**** DATA PROVIDED

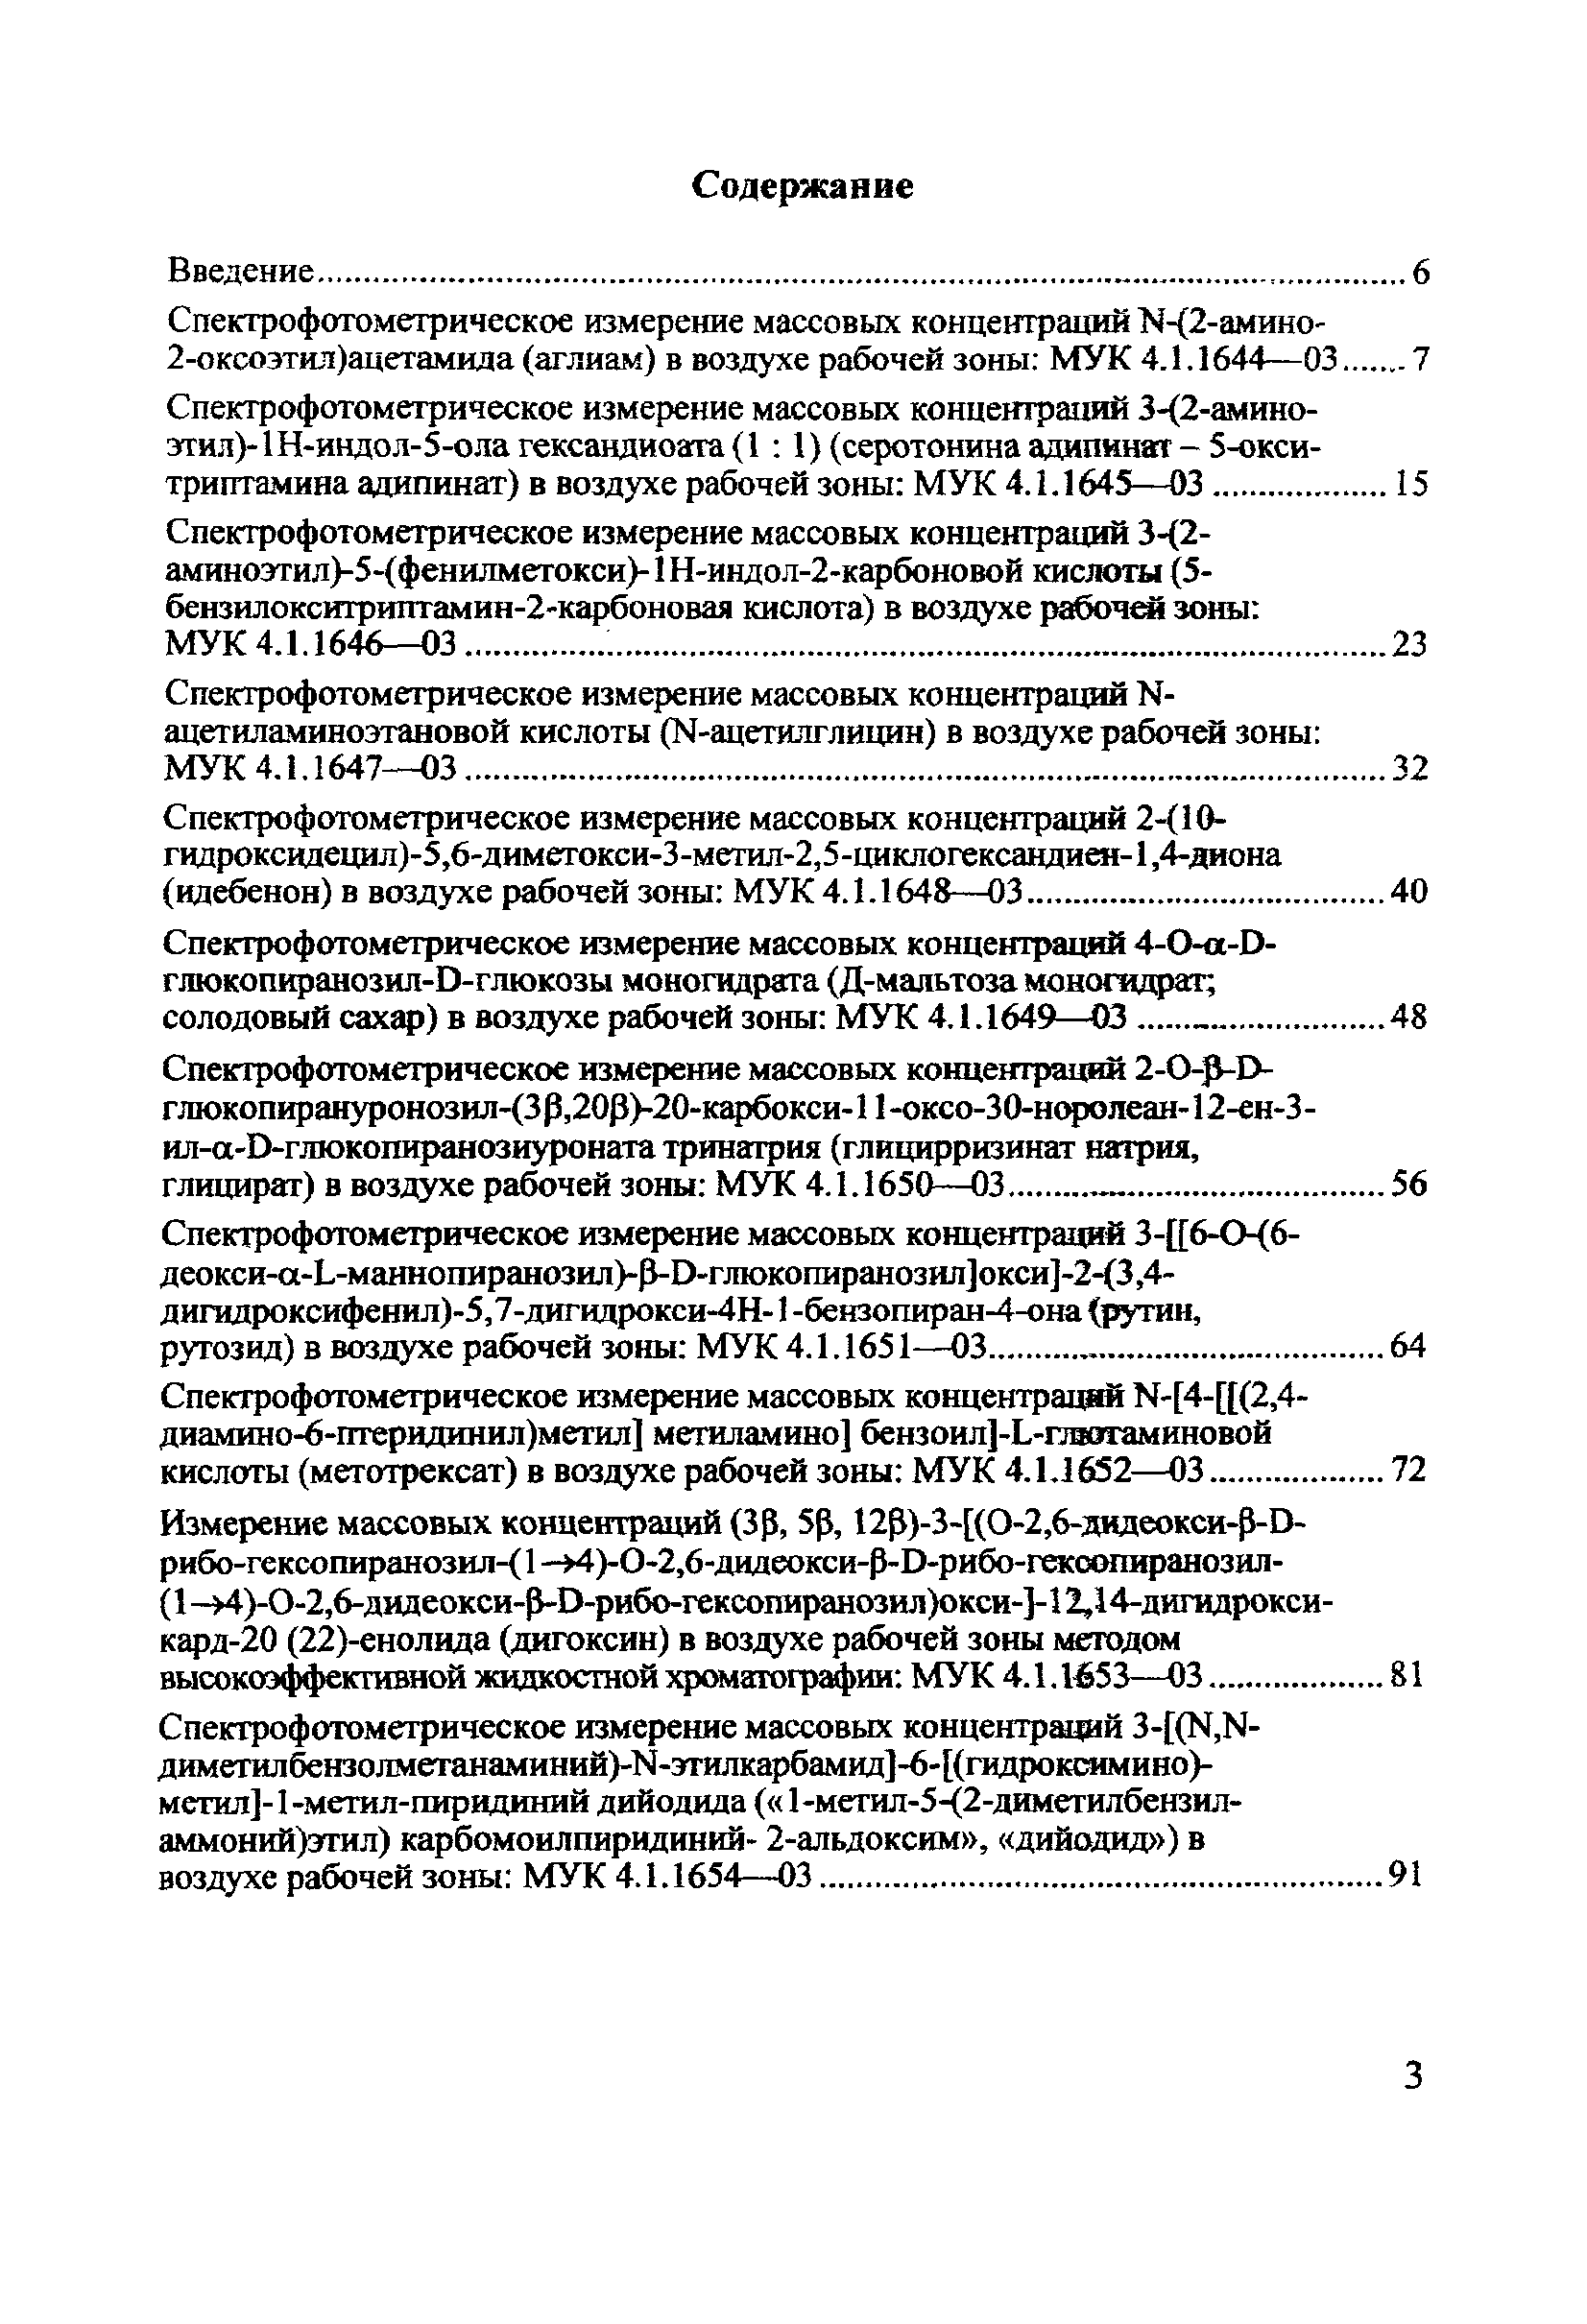 МУК 4.1.1645-03
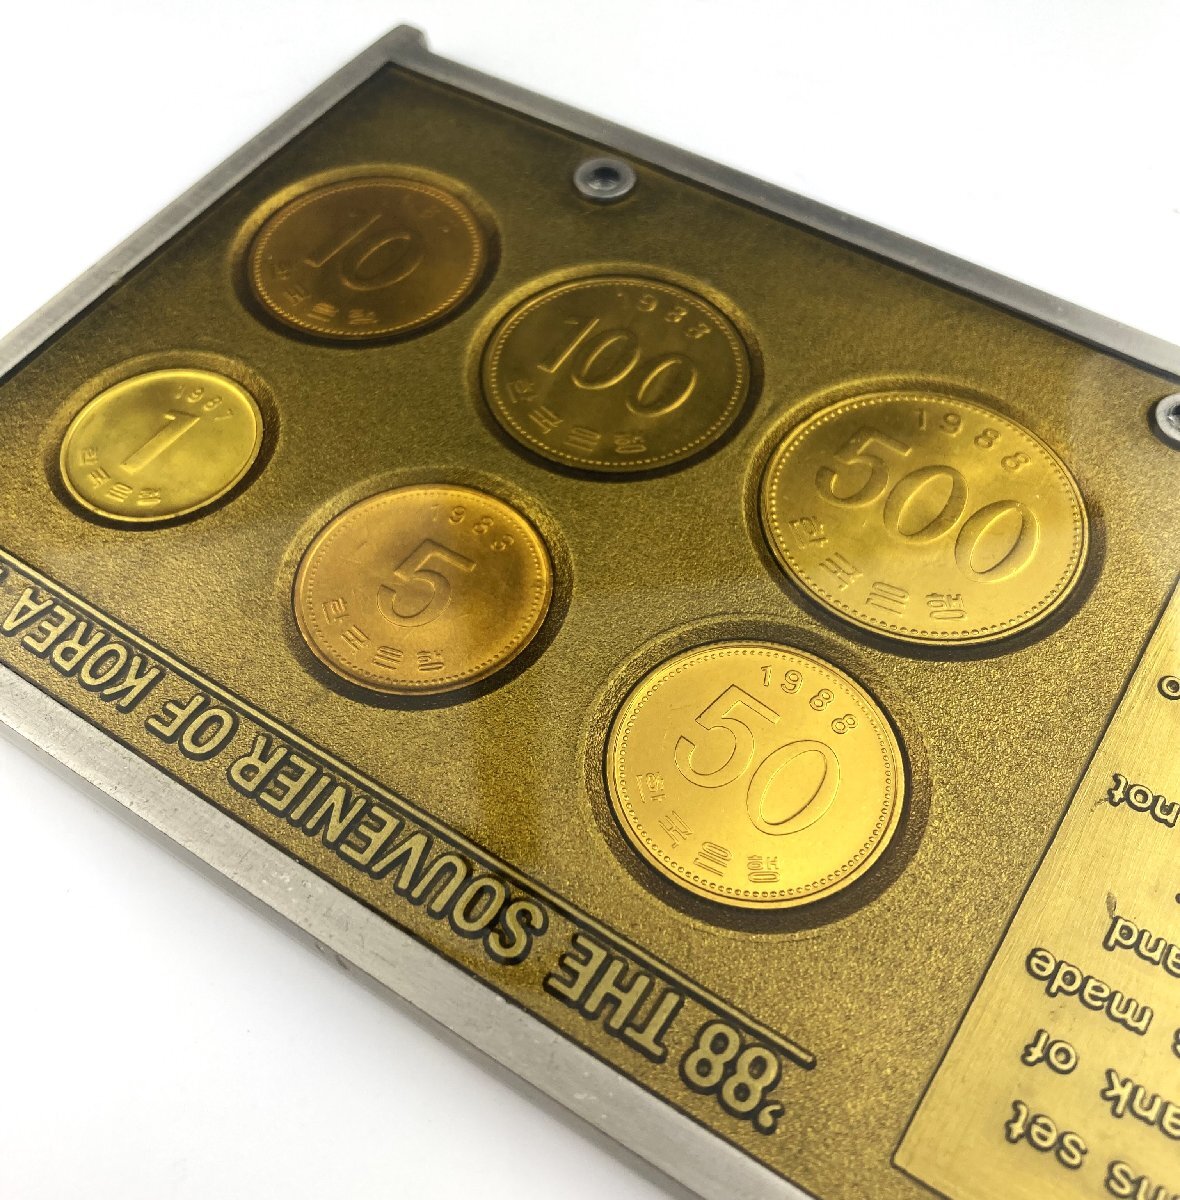 【77】【コレクター必見】韓国 COIN SET OF BANK OF KOREA 1985プルーフ硬貨セット 1988年ソウルオリンピック 韓国切手 記念硬貨_画像4
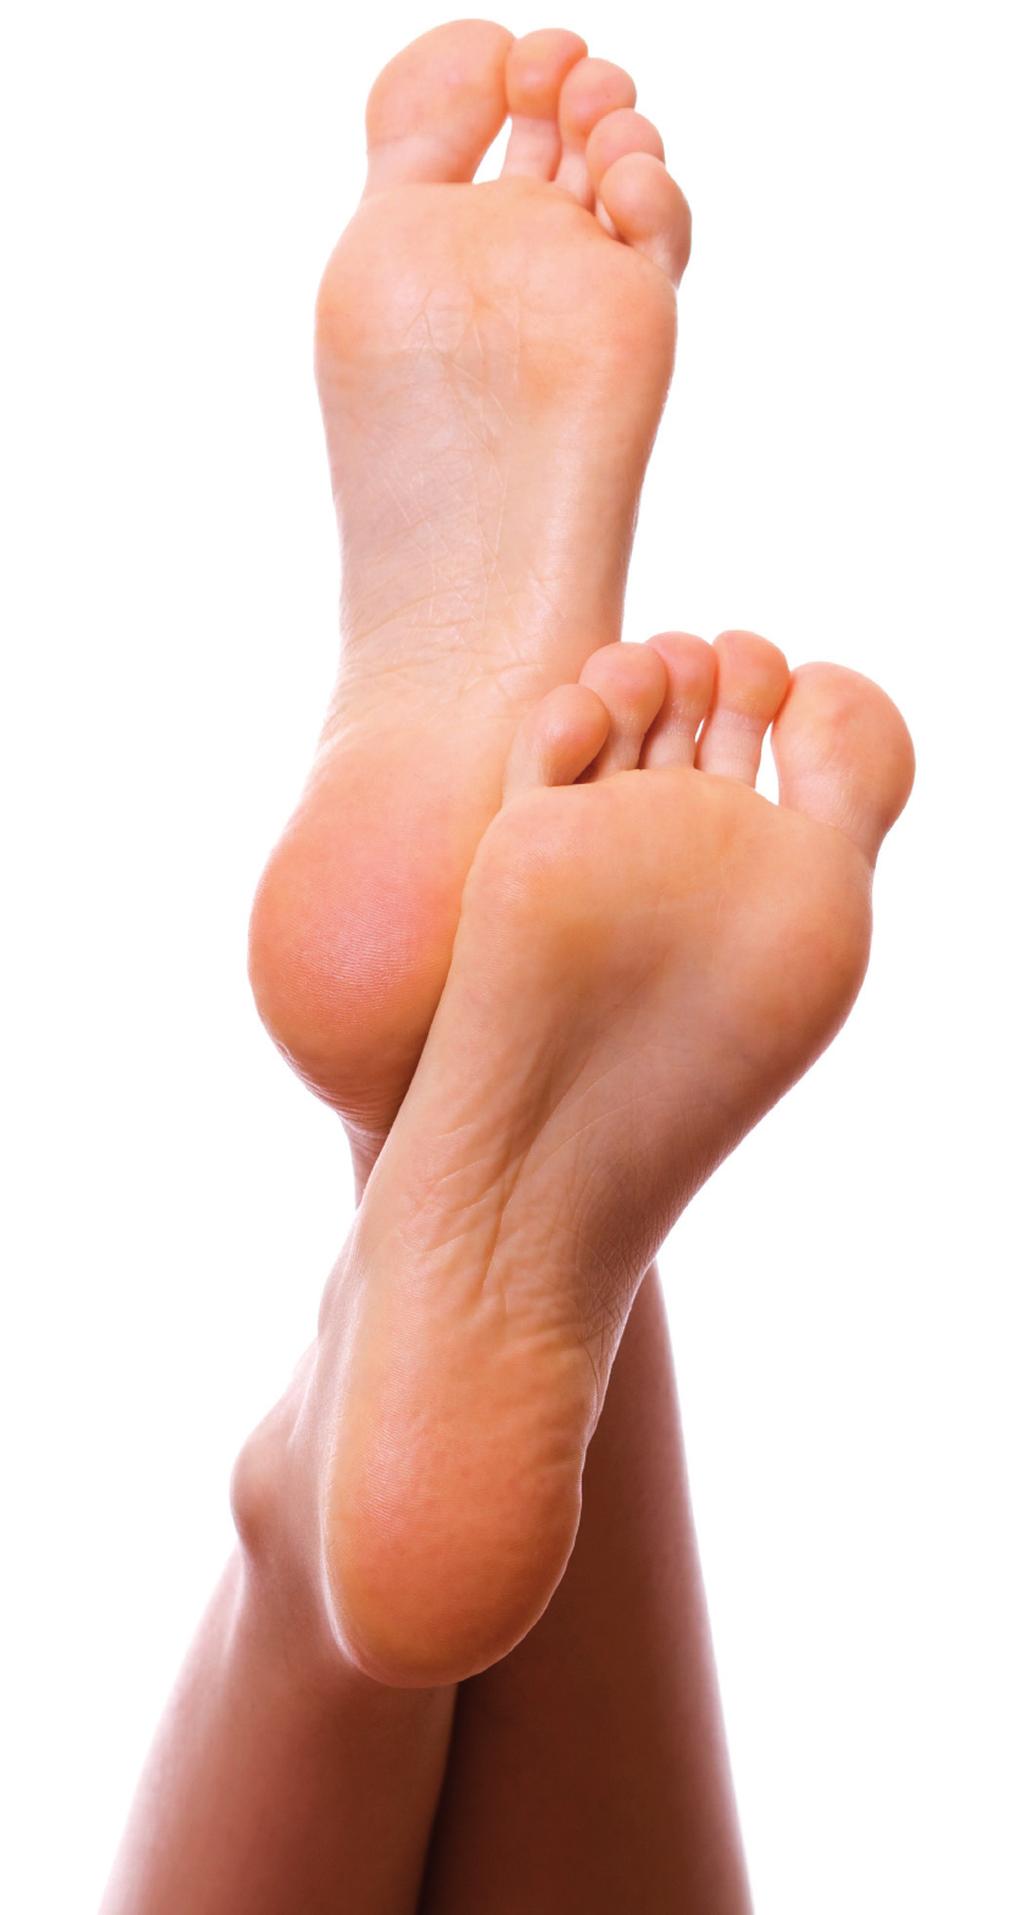 Im Verlauf bilden sich kleine Risse, in die leicht weitere Keime und auch bakterielle Erreger eindringen und zu Entzündungen führen können. Fußpilz beginnt meist zwischen den Zehen.

********

[EXERCISE] Repeat the whole listing above word for word. Leave out the pictures.

[ANSWER TO THE EXERCISE]
 МУК 4.1.1645-03
 【77】【コレクター必見】韓国 COIN SET OF BANK OF KOREA 1985プルーフ硬貨セット 1988年ソウルオリンピック 韓国切手 記念硬貨_画像4
 Im Verlauf bilden sich kleine Risse, in die leicht weitere Keime und auch bakterielle Erreger eindringen und zu Entzündungen führen können. Fußpilz beginnt meist zwischen den Zehen.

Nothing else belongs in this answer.